Artists come from all over the country and the world for the opportunity to enjoy the small friendly community and rehearse and play with other great artists and friends (and occasionally with birds and cicadas) in the woods.
Playhouse History
The Chautauqua Movement was founded in the late 1800’s by Lewis Miller and John Vincent, from New York, who shared a vision of providing education to people of all ages and backgrounds. They started a summer camp for teachers at Lake Chautauqua, NY, offering recreation, classes on religion and music, plays, and other entertainment. In 1891, a group of community leaders decided to organize the Pennsylvania Chautauqua in Mt. Gretna, “for the advancement of literary and scientific attainment among the people and the promotion of popular culture in the interest of Christianity.”
The Playhouse, known originally as the Chautauqua Auditorium, was designed by John Cilley, a civil engineer from Lebanon, and completed in July, 1892. The Chautauqua Board of Managers contacted A. E. Scott, an actor and director from the Fulton Theatre in Lancaster, and suggested that Scott start a summer theater in Gretna. In the spring of 1927, the necessary alterations were made to the Chautauqua Auditorium for the first season of theater. Music at Gretna, now known as Gretna Music, started presenting performances in the Playhouse in 1976.

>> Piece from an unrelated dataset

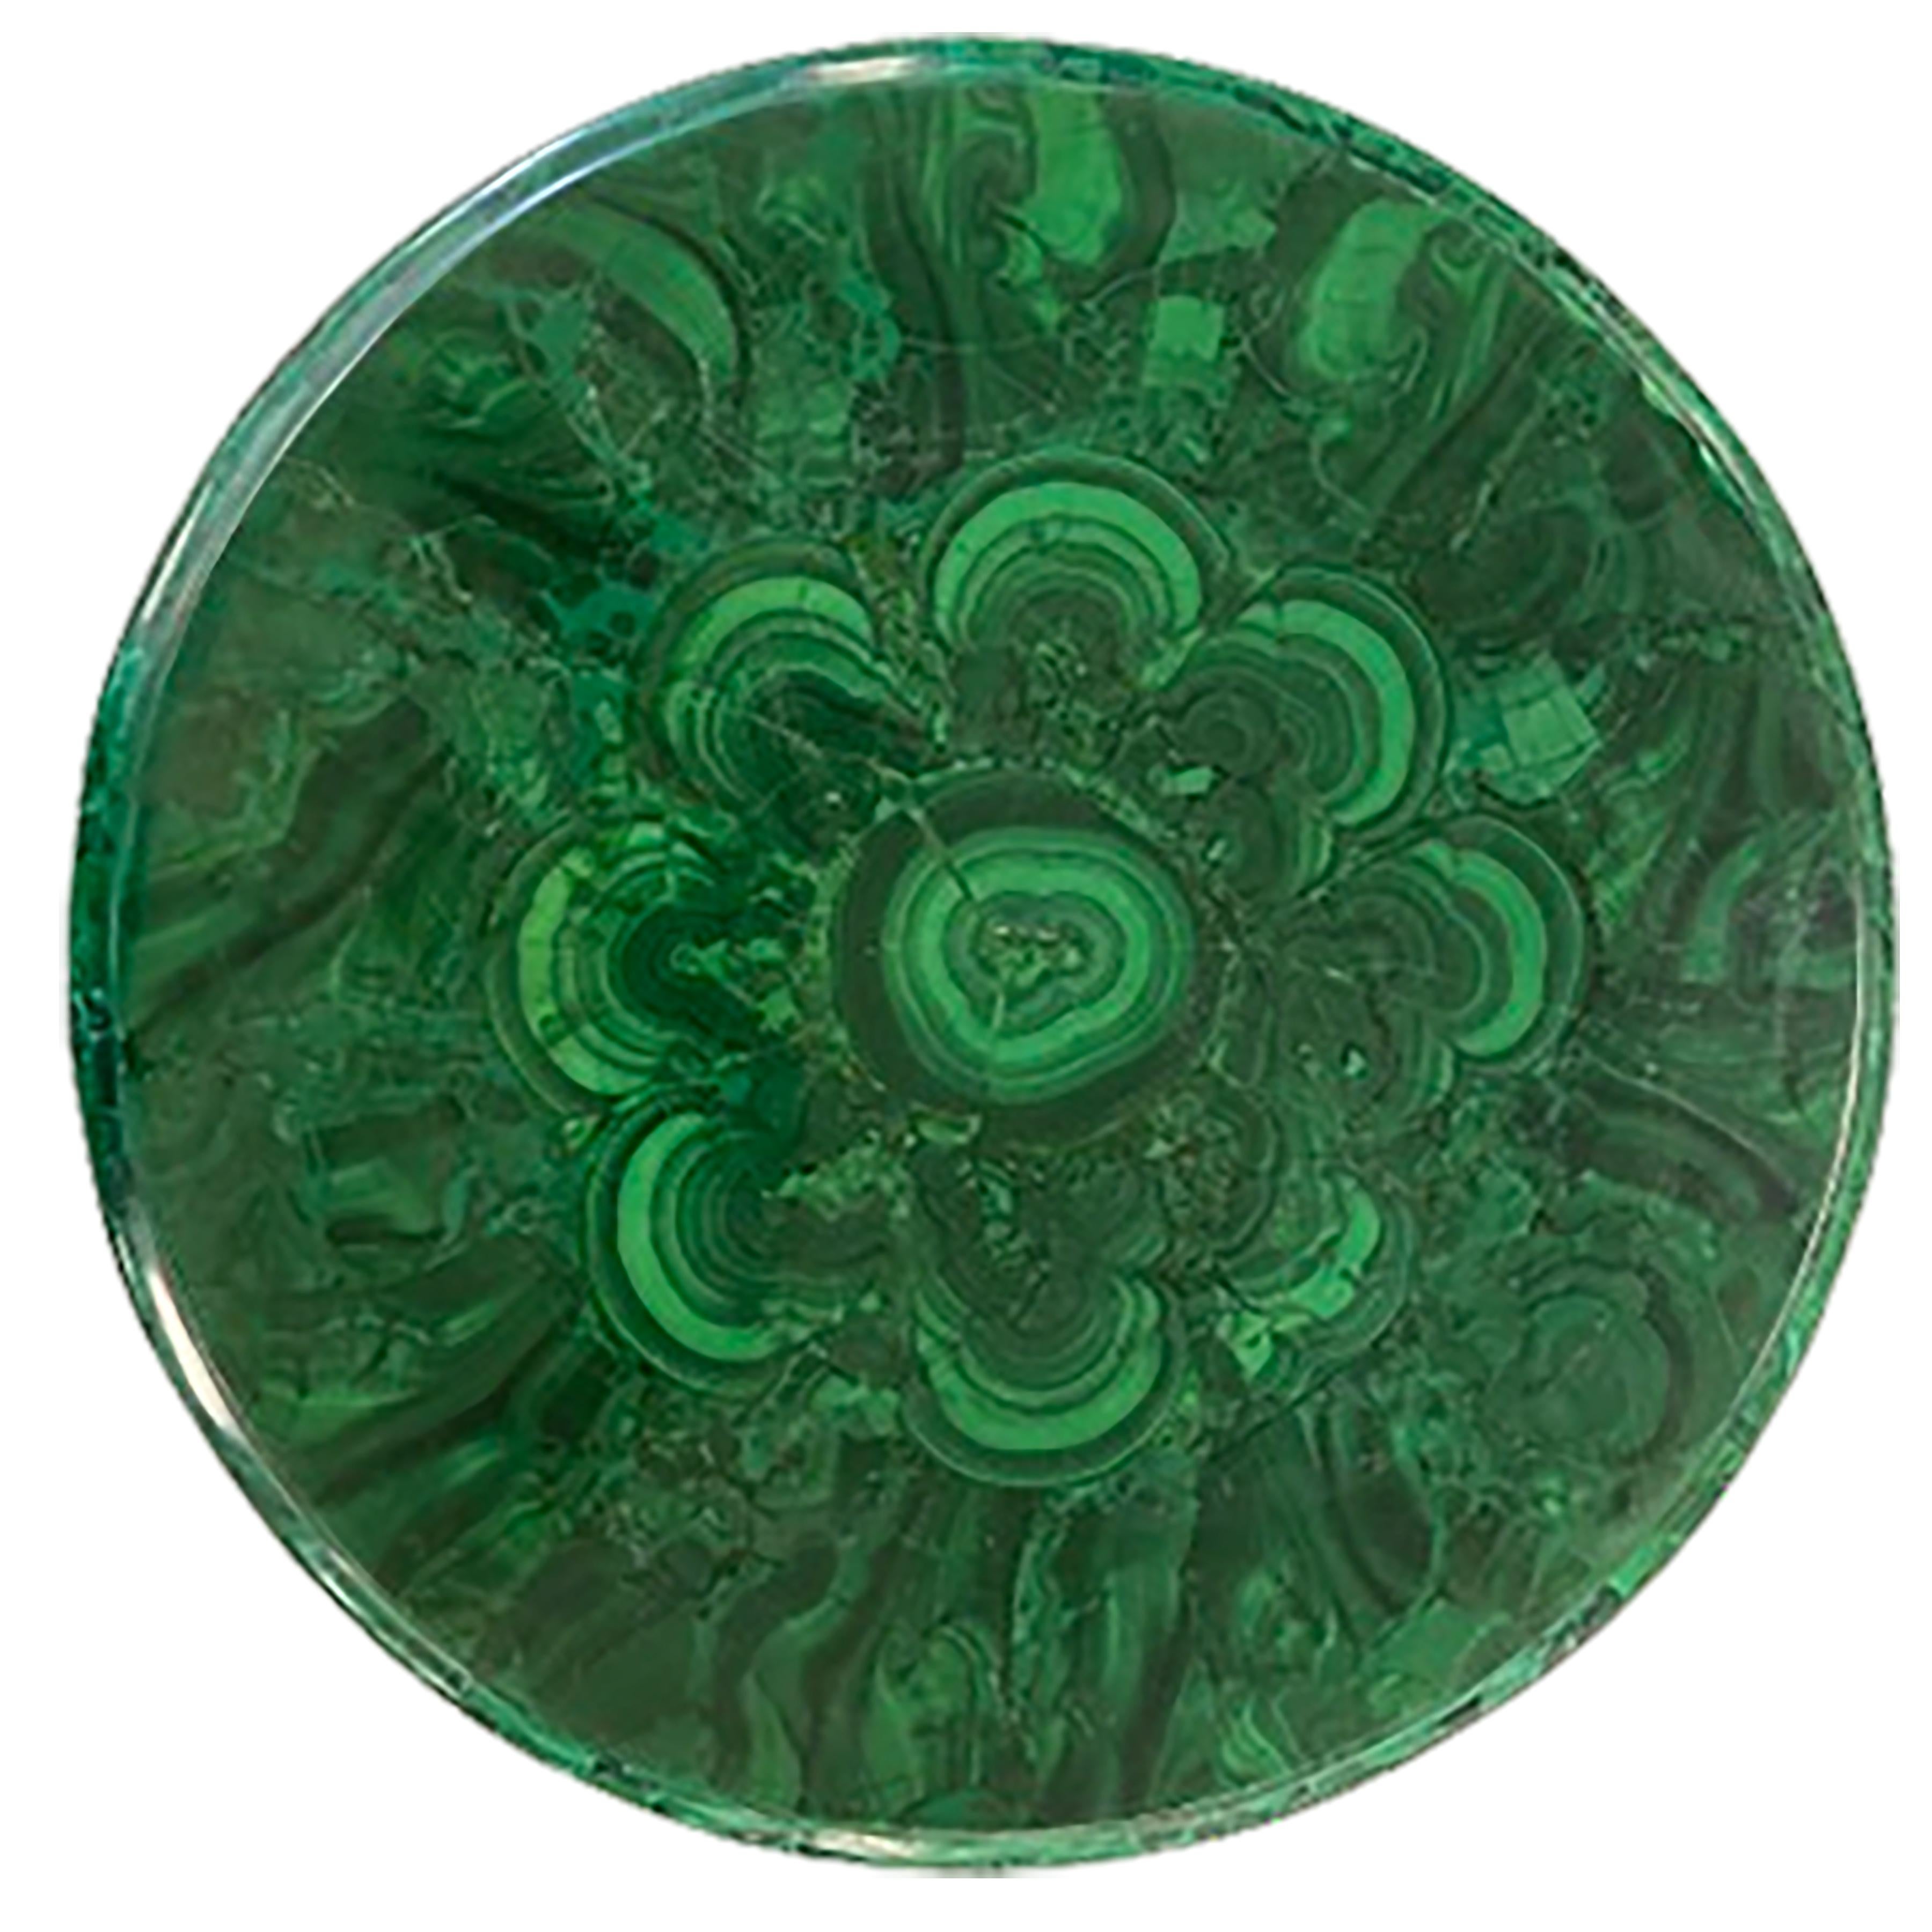 A charming Empire antique malachite side table with detailed features and ormolu legs. The vibrant organic green of the table top contrasts the finely crafted features that make up the legs and side. The malachite table top is laid in an expanding

Over the years, The Playhouse survived many natural disasters, including several major hurricanes, but the winter of 1994 proved to be too much for the 102-year-old structure. On February 12, its roof, buried under an estimated 150 tons of snow, collapsed. By the summer of 1995, a new roof and other improvements to the Playhouse were complete. The Playhouse continues to be a favorite destination for thousands each summer to take in a live performance in a friendly, easygoing atmosphere.